Associates at the Dallas firm Bell Nunnally & Martin left a meeting Monday morning grinning ear-to-ear after being told they are receiving a raise between $40,000 and $48,000, effective immediately.
The 54-lawyer firm is matching the first-year pay adjustments made last summer by more than a dozen much larger firms in Texas after New York powerhouse Cravath, Swaine & Moore – considered the precedent setter for BigLaw pay – announced that it would increase its first-year associate salaries to $180,000.
Bell Nunnally currently has 17 associates and two more joining Sept. 1 fresh out of law school.
Asked if the recent BigLaw salary trend affected the firm’s decision, Bell Nunnally managing partner Jim Skochdopole said, “we make our own decisions, but those decisions are based in large part on the ability to continue to attract and retain the best associates.”
Skochdopole said the $180,000 first-year package includes a $165,000 base salary, as well as three guaranteed $5,000 bonuses: one “graduation bonus,” one “starting bonus,” and one “guaranteed year-end bonus.”
Fourth-year associates, on the other hand, will make a base salary of $190,000, plus a guaranteed year-end bonus of $5,000. The most senior associates will receive guaranteed bonuses of $10,000.
Skochdopole said the firm’s previous associate bonus structure was “discretionary” and was evaluated on an individual basis of performance, contribution, and career development, which resulted in allowing “aggressive compensation to strong performers.

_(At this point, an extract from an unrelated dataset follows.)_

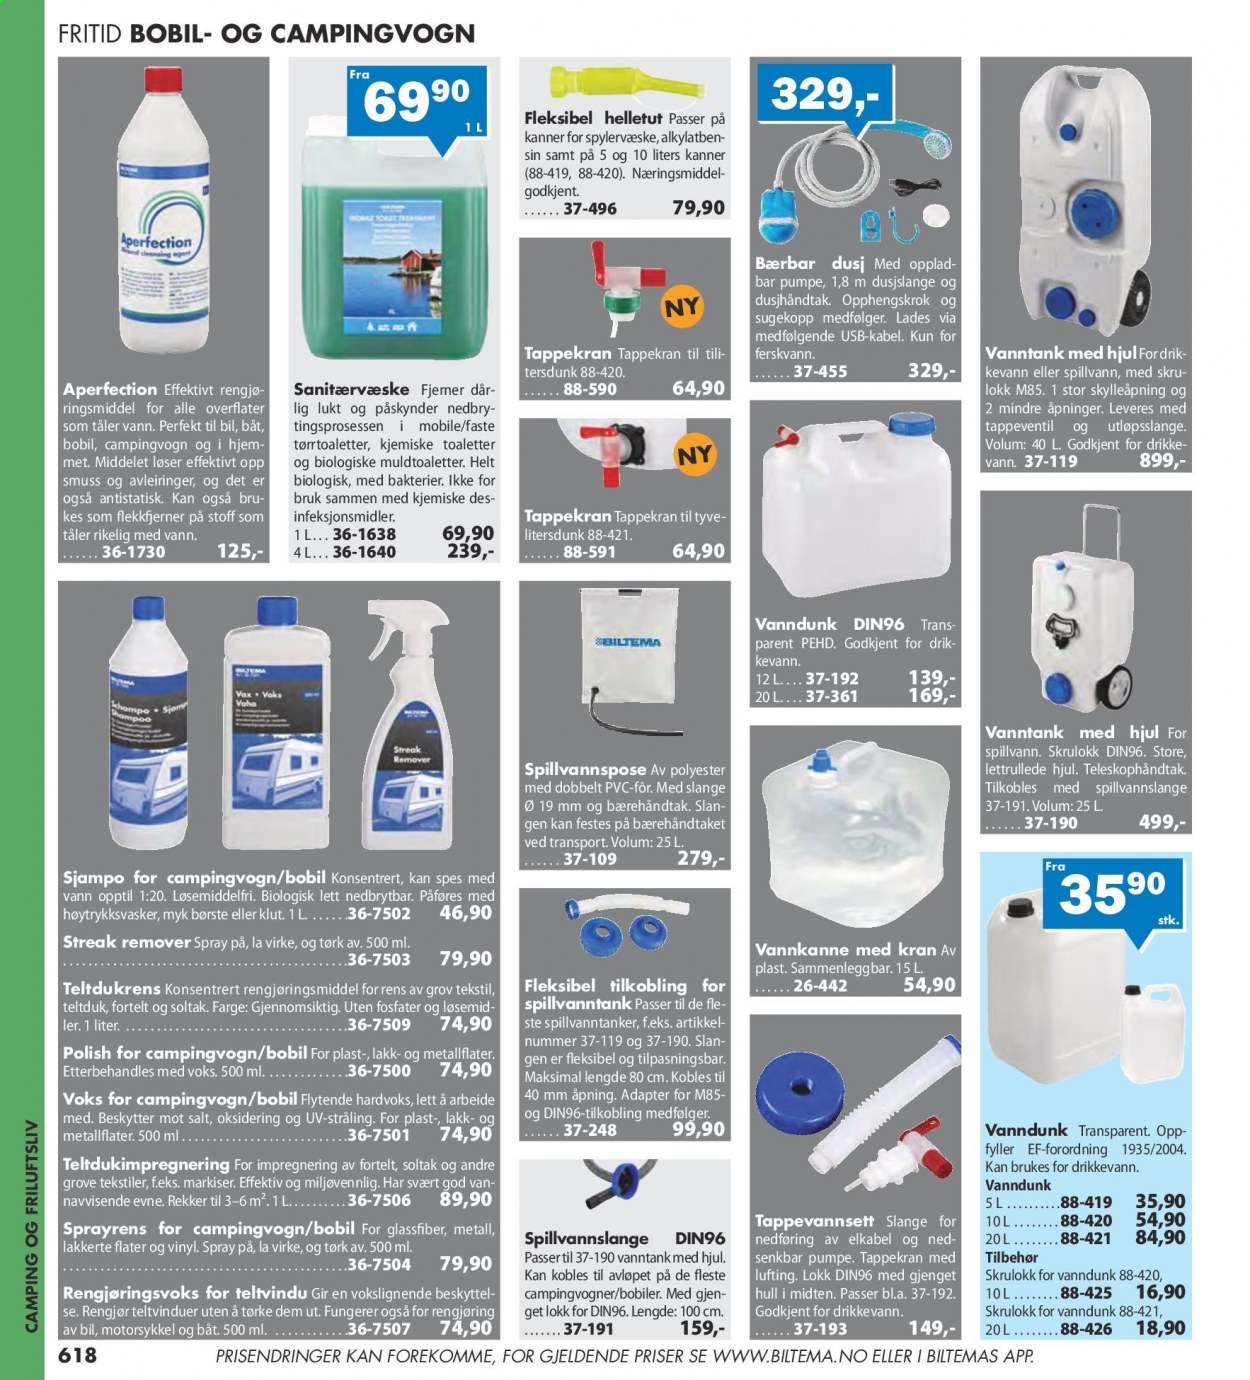 thumbnail - Kundeavis Biltema - Produkter fra tilbudsaviser - rengjøringsprodukter, polish, spylervæske. Side 618.

“Because we have such strong associates, the new system assumes strong performance [across the board] and aggressively compensates everybody,” he said.
When asked if the associate pay raise would affect partner compensation, firm leaders said the two compensation structures are independent from one another.
“We have a partnership compensation policy that we’ve been very pleased with… we don’t see or feel a need to change that at this time,” said Christopher Trowbridge, one of the management committee members.
The announcement also comes as elite national firms continue to shake up the Texas legal market as they open up shop in Dallas and Houston by poaching top partner- and associate-level legal talent by offering astronomically higher salaries.
“While global and national firms are coming to Dallas, our firm is thriving in Dallas as a medium-sized firm,” Trowbridge said.
Jeff Lowenstein, who is also on the management committee, said an important benefit resulting from large firms moving to Dallas is the legal talent that is drawn to the city from elsewhere.
“We know we can compete with any firm as far as a place to go work and spend your career,” Lowenstein said. “We want to make sure that compensation doesn’t get in the way of people seeing what a great place this is to work.
“We’re confident that once they get here, it’s a place they want to spend their career,” Lowenstein added.